Harris v Goddard [1983] 3 All ER 242 is an English land law and matrimonial law case, concerning co-owned land between spouses and finding as to the effect of a divorce petition.

==Facts==
Mr. Harris and Mrs. Harris, joint tenants, fell out, she petitioned for divorce and asked under the Matrimonial Causes Act 1973, ‘That such order may be made by way of transfer of property and/or settlement in respect of the former matrimonial home… and otherwise as may be just’. Mr Harris was killed in an accident, before the divorce hearing. The issue was whether a divorce petition effectively severs the joint tenancy. If so, she will have acted against her interests, as the property falls to be divided by the Will (subject to the legal matrix of rights for dependant widows) (Note: See for example the Family Law Act 1996 and Inheritance (Provision for Family and Dependants) Act 1975) as her husband quickly died.

==Judgment==
Lawton LJ held that the petition was not effective to sever, because this was expressed to bring about the severance at some point in the future. His judgment continued.

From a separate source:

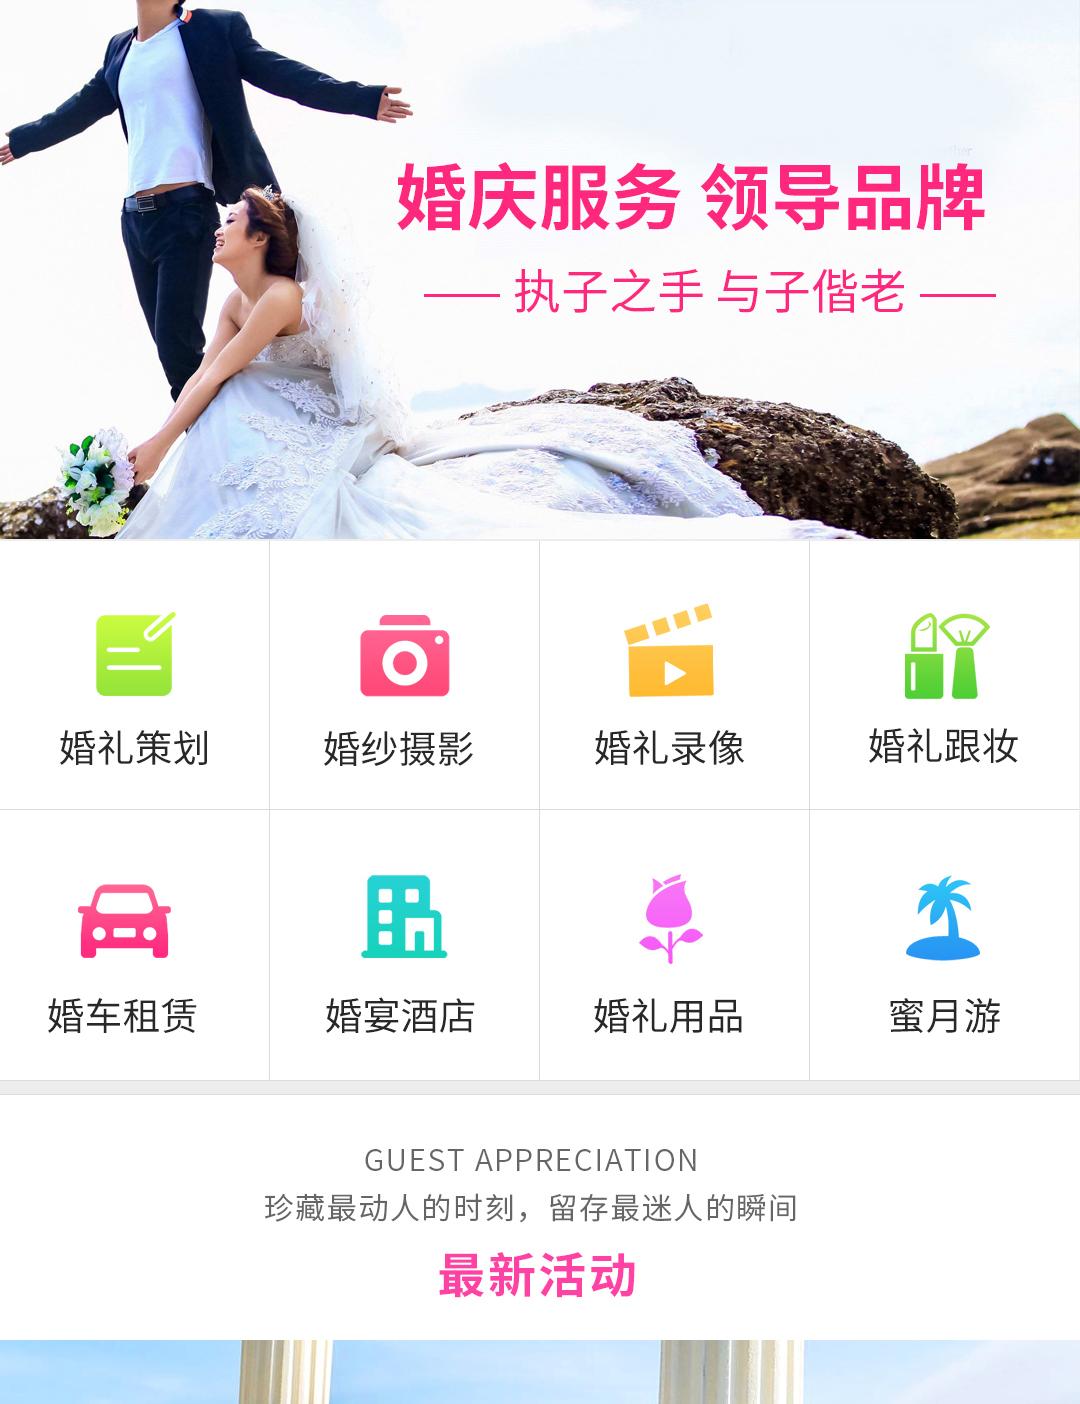 攝影婚慶小程序|婚慶小程序|攝影小程序

It follows that a desire to sever must evince an intention to bring about the wanted result immediately...

Paragraph 3 of the prayer in the [divorce] petition does no more than invite the court to consider at some future time whether to exercise its jurisdiction under section 24 of the 1973 [matrimonial] Act, or, if it does, to do so in one or more of three different ways.

Dillon LJ said the following.

Severance is... the process of separating off the share of a joint tenant, so that the concurrent ownership will continue but the right of survivorship will no longer apply. The parties will have separate shares as tenants in common...

==Significance==

The underlying law as to survivorship and the default way in which spouses co-own (as joint tenants in equity, not tenants in common in equity) has not changed - it takes documented 'words of severance' to end the survivor's full-parts ("absolute") inheritance of a jointly owned asset (which is the resultant feature of being a 'joint tenant in equity').

English family law common process in divorce (replicated at this stage in separation) has increased the likelihood of the reflection of the end of the relationship affecting the financial affairs of the parties. Under the Family Law Act 1996 a spouse or other cohabitant with shared children will commonly register their interests as part of any separation or divorce while also severing the joint tenancy. This means any third parties interested in the other spouse's property alone (for example) are fixed with actual notice of the rights of the spouse and that those rights are solidified. Equity itself has shifted in favour of equal division further than in 1983, with extra considerable sums likely for children.